Gry i zabawy terenowe
Na plaży można kopać studnie aż do poziomu morza i budować zamki, pomóż dziecku kopać! Na wsi można leżeć w stogu siana, a w lesie budować domki na drzewach – pozwólcie dzieciom chwilę się ponudzić, posłuchajcie, jakie one mają pomysły, wsłuchajcie się nawet w te najbardziej absurdalne – tu przecież rozkwita ich kreatywność, o której będą potem pisać w CV – a okaże się, że spędzicie cudowne popołudnie na obserwacji pszczół lub dokopiecie się do środka ziemi wywożąc piasek wyimaginowaną wywrotką z rąk mamy lub taty na ogromny plac budowy metra. Niech poprowadzą Was dzieci.
Dając dziecku wolną rękę, zwróćcie uwagę, że czasem dziecko zatrzymuje się, gdy ma się pobrudzić lub „napsocić”, bo nie wie, czy to będzie akceptowane przez rodziców. Zachęćcie je, dajcie swoją aprobatę, a okaże się, że robi rzeczy, które będzie wspominać przez resztę życia! Ubierzcie dzieci w starsze ciuchy i pozwólcie im ubłocić się, zazielenić i umorusać bez poczucia straty, by ocena stanu ubrań nie wpływała negatywnie na rozrywkę (i naukę przy okazji) dzieci.
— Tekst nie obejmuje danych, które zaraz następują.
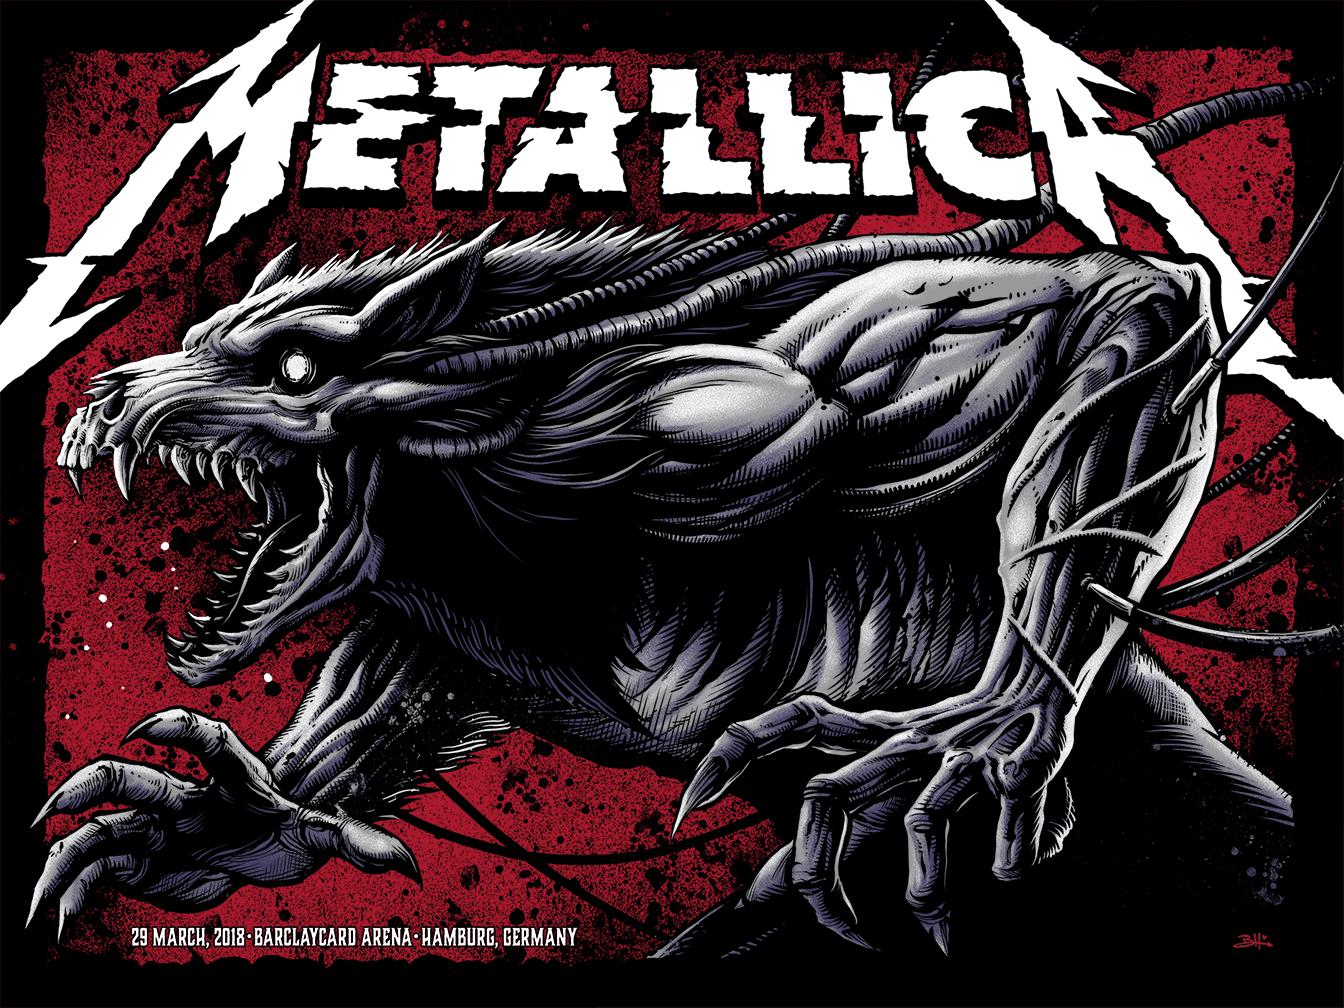 INSIDE THE ROCK POSTER FRAME BLOG: Brandon Heart Metallica

W czasie wspólnego wyjazdu lub pobytu u dziadków możecie zaproponować dzieciom zabawę w poszukiwaczy skarbów. Schowajcie w ogrodzie, na plaży lub w parku skarb – to może być nawet koszyczek owoców, który szczęśliwi znalazcy będą mogli spałaszować – i narysujcie mapę lub przygotujcie zestaw drogowskazów. Mapę możecie specjalnie postarzyć, przypalić jej brzegi, lekko pobrudzić i np. schować do butelki lub skrzyni na strychu. Dzieci zamienią się w bohaterów znanych im z książek, a przygoda pozostanie w waszej pamięci na zawsze!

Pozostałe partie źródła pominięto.